The style of supervision and the example set by field supervisors can be key in terms of how officers approach their duties. The active supervisor will either demonstrate a problem-solving, community building interaction style, or a confrontational and malignant pattern for emulation.

Then there is training, about which some serious misconceptions exist. One is that a recruit can be molded into a professional officer with positive demeanor and a respectful understanding of the public and limits of force.  Another NIJ 3 year study surveyed police recruits at four intervals during training and the first year on the job. It focused on academy ‘reform training’, designed to change recruits’ attitudes in the direction of community-oriented policing and problem-solving approaches.

The findings showed that academy reform training often proved ineffective due to lack of follow up and factors that contradicted the training in day to day performance of duties. More importantly, the research also demonstrated that recruits’ attitudes and beliefs about the nature of policing were already formed prior to academy training:

The best predictors of attitude change were by far the attitudes that recruits brought with them to the academy. In other words, police recruits are not empty vessels to be filled with new attitudes and values related to policing.

If an individual comes to the profession with pre-disposed tendencies of viewing the primary role of enforcement as applying force, very little  instruction that contradicts this will impact their thinking and actions on the job.

Another element of officer conduct is the policy of the agency itself. If the agency condones adversarial and un-constitutional officer behavior, officers who are prone to those behaviors will consider their actions endorsed by the city and police administration. Many departments, even when confronted with documentary evidence of felony assaults and gross abuse of authority by officers, maintain a blanket policy of declaring the officer’s actions as ‘approved behavior’.

When you see a department employing SWAT teams for situations not warranting such escalation of force and with abusive treatment of residents that looks more like clearing a hostile village in Afghanistan, you can be certain that it is city approved.

Many departments consider combat veterans as ideal police candidates, without regard to the possible risk that undiagnosed conditions such as PTSD, (Post Traumatic Stress Disorders) are now part of the candidate’s mental health profile. Rules of engagement on the battlefield can in many cases be consciously or unconsciously transferred to patrol duties.

Finally, the influence of police officer unions factors into the equation. Police and city administrators frequently adopt a deferential posture in response to allegations of unlawful conduct, because police unions reflexively defend the union member against disciplinary actions no matter the seriousness of the offense.

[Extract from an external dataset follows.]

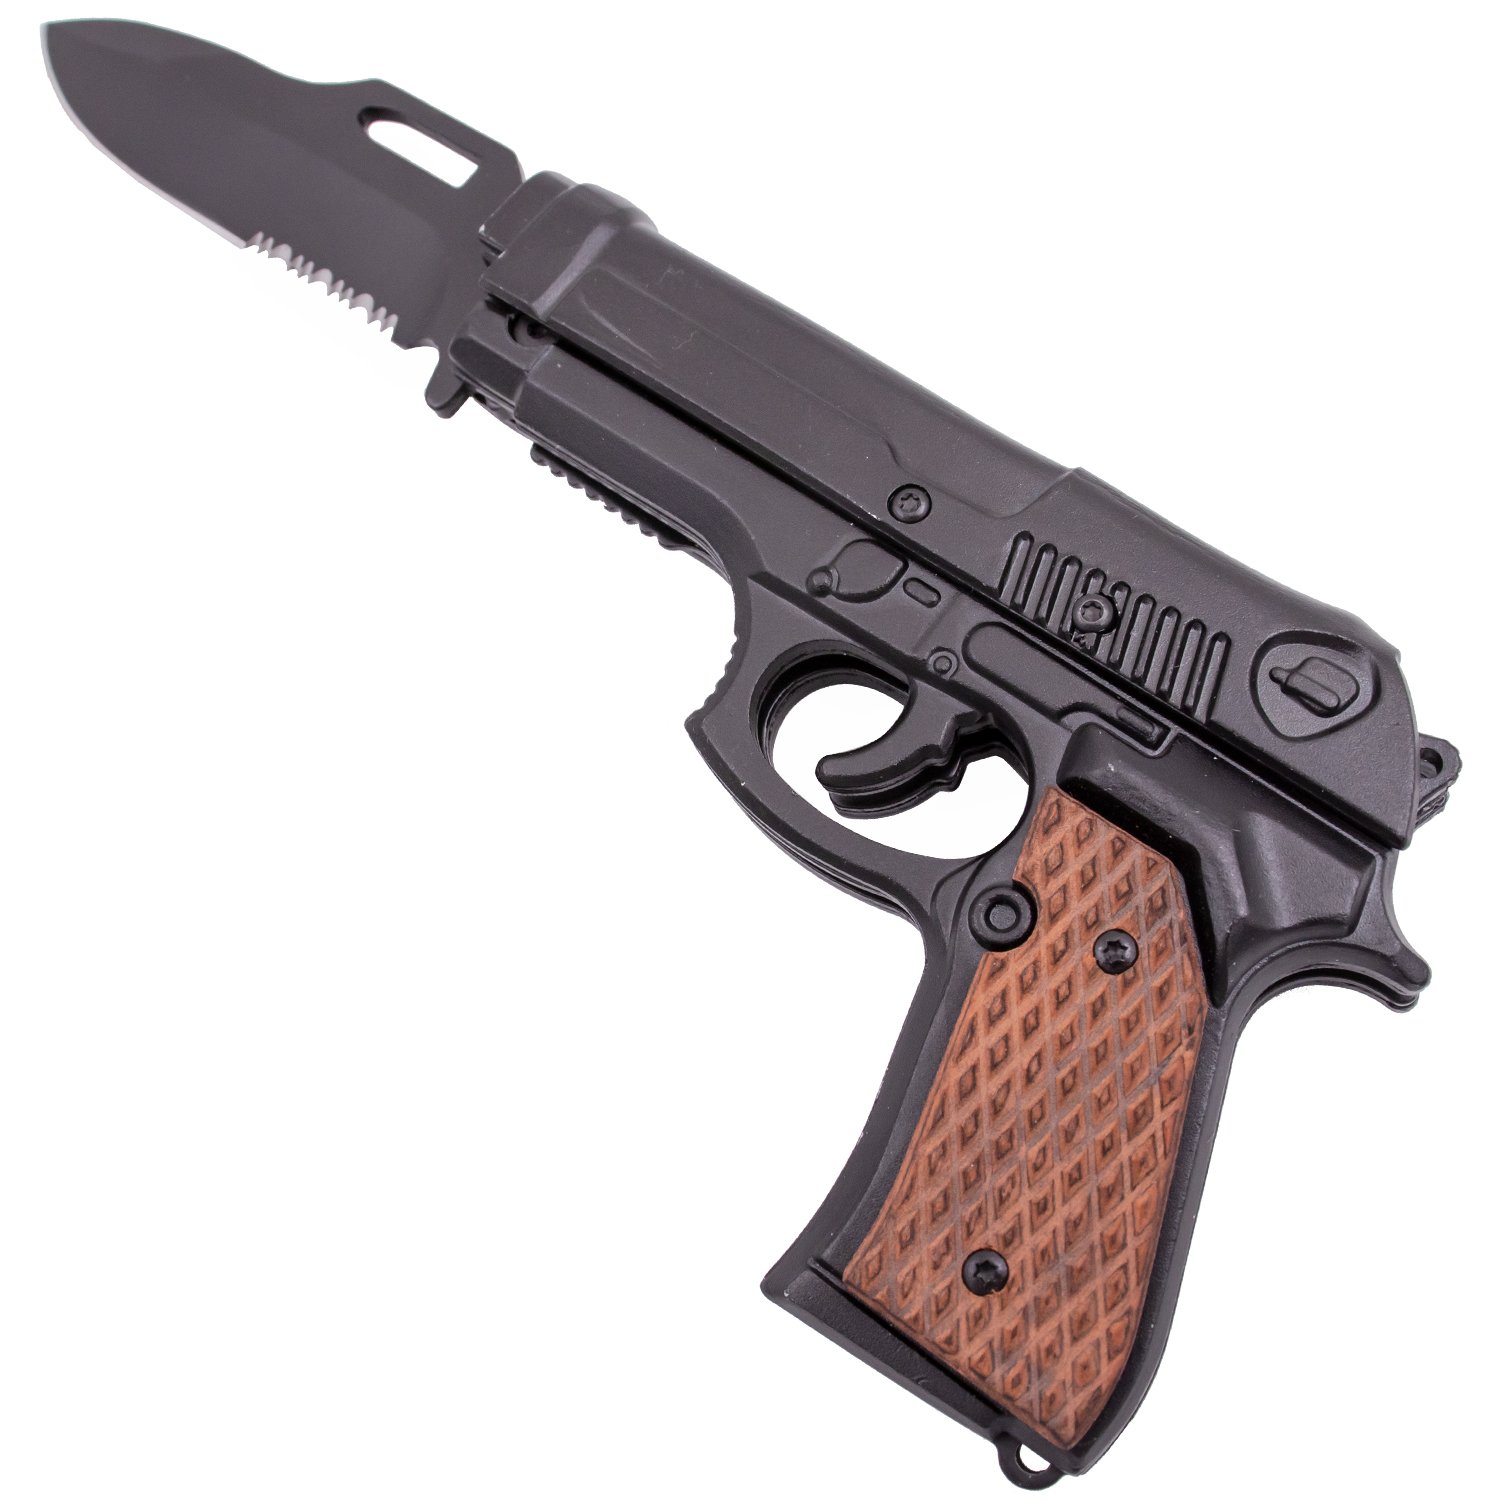 Tiger USA Lock, Stock and Cock Back Pistol Spring Assisted Knife Picture 1

A recent Gallup poll showed that only 56 percent of people rated the police as having a high or very high ethical standard as compared with 84 percent for nurses. Incidents like this, where officers substitute their own individual authority in place of legal authority, contribute to those survey results. Notice in this video, how even when the officer is confronted with the actual law, he decides to harass and physically assault the individual anyway:


It’s one thing to see these videos and hear these stories and shake our heads in disapproval. It’s quite another to actually confront city officials in a responsible manner and demand that changes be adopted in policy, supervision and training. That’s the solution to the problem.

Silence is interpreted as consent. If they don’t hear your objections, they assume that what they are doing is acceptable and that you approve. As John Stuart Mill told an audience at St. Andrews College back in 1867, “Bad men need nothing more to compass their ends, than that good men should look on and do nothing.”